My hat is off to you for your service my friend!

My personal take on your proposal on expected use,brand of saw would be the 12 inch non-slider.
JB


----------



## interpim (Dec 6, 2008)

Thanks for the feedback guys… I also considered the Hitachi Fish, but after reading some very discouraging reviews on their customer support I decided against them.


----------



## patcollins (Jul 22, 2010)

How often do you see yourself crosscutting boards wider than 8 inches?

Sliders are more difficult to keep in alignment for perfect 90 degree cuts, more moving parts mean more little inaccuracies to add up.

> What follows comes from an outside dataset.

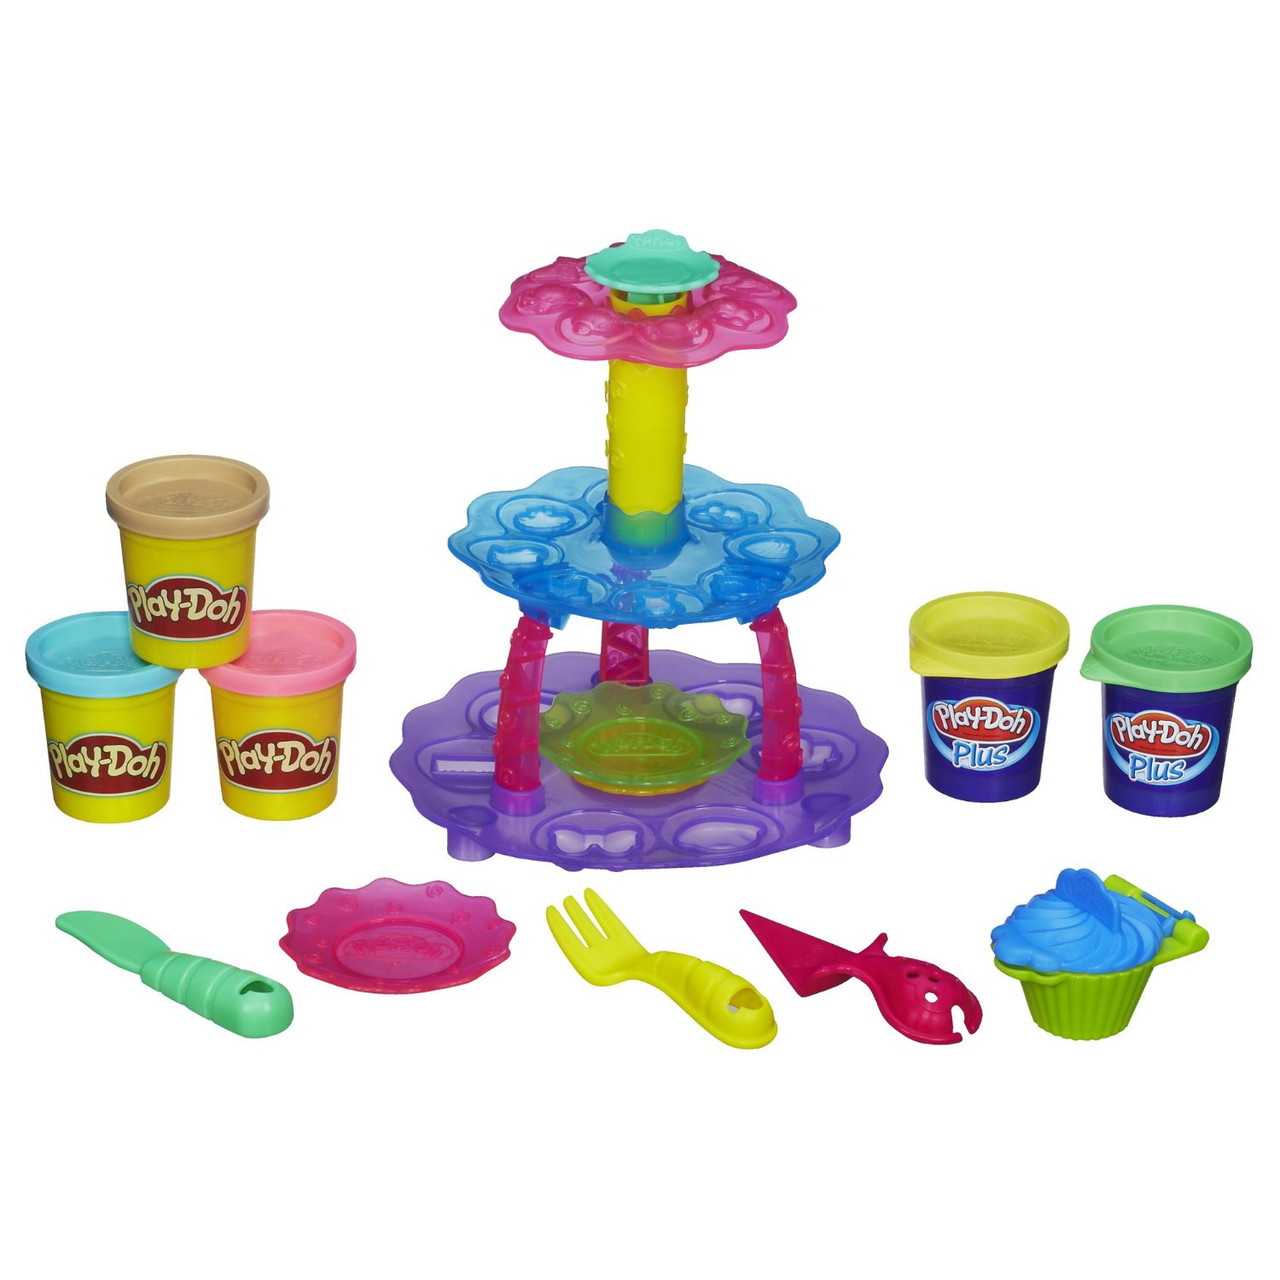 PLAY-DOH набор Башня из кексов  Sweet Shoppe Cupcake Tower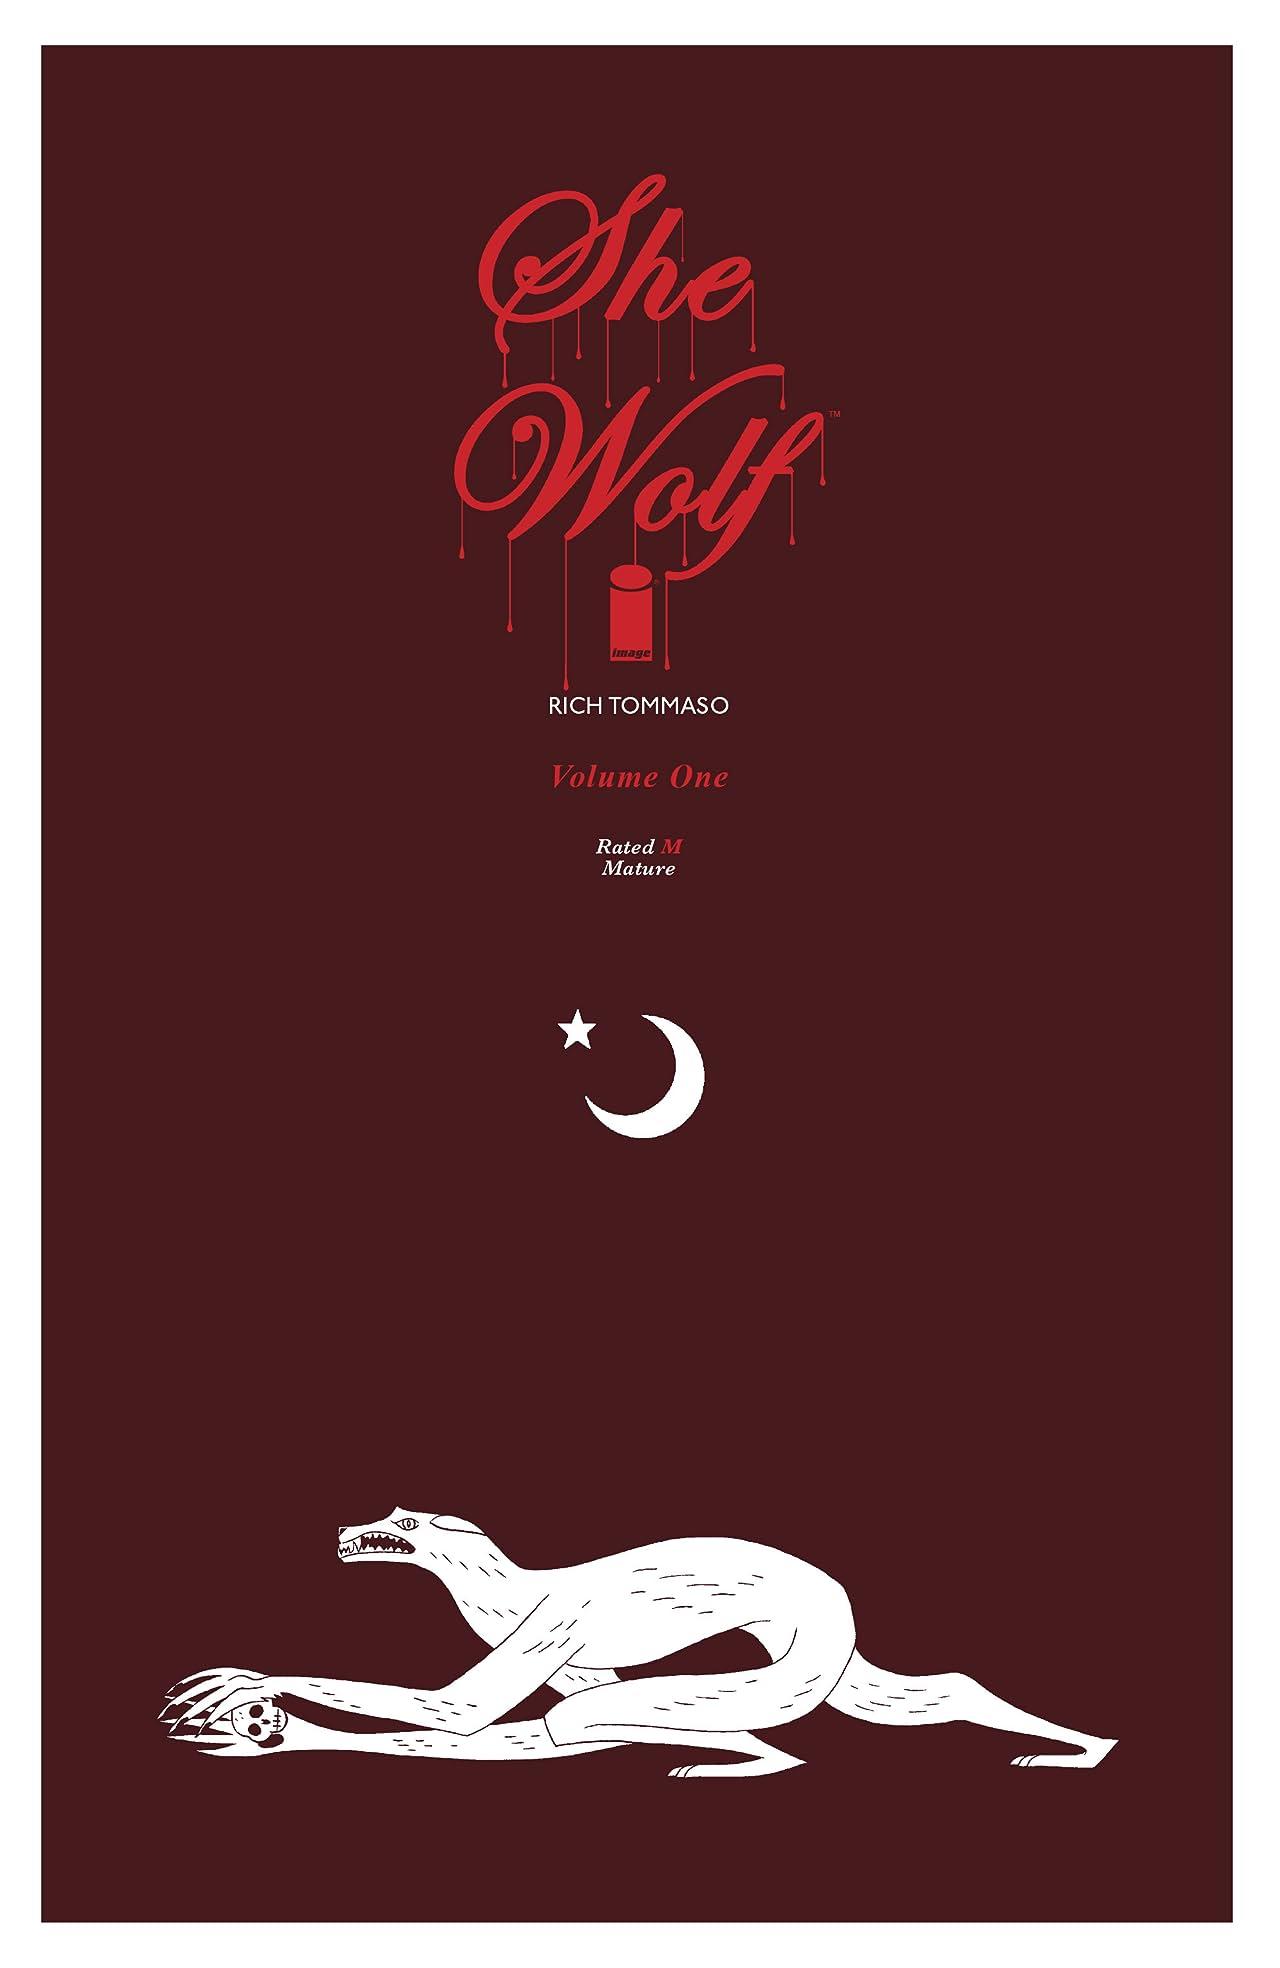 She Wolf Vol. 1

If it is for things like decks and home improvement it really doesnt matter but if you want precision for fine woodworking I would go for a nonslider every time.

Now there are a lot more choices in 10 inch blades than 12 inch ones….


----------



## interpim (Dec 6, 2008)

I very rarely cut anything wider than 8". But, having used a tablesaw for all of my crosscuts over the years, I maybe haven't really paid attention to how often. Most stuff I cut is usually around 4" wide or smaller, and I am fairly certain we are going to go with 2×6's for our deck this spring.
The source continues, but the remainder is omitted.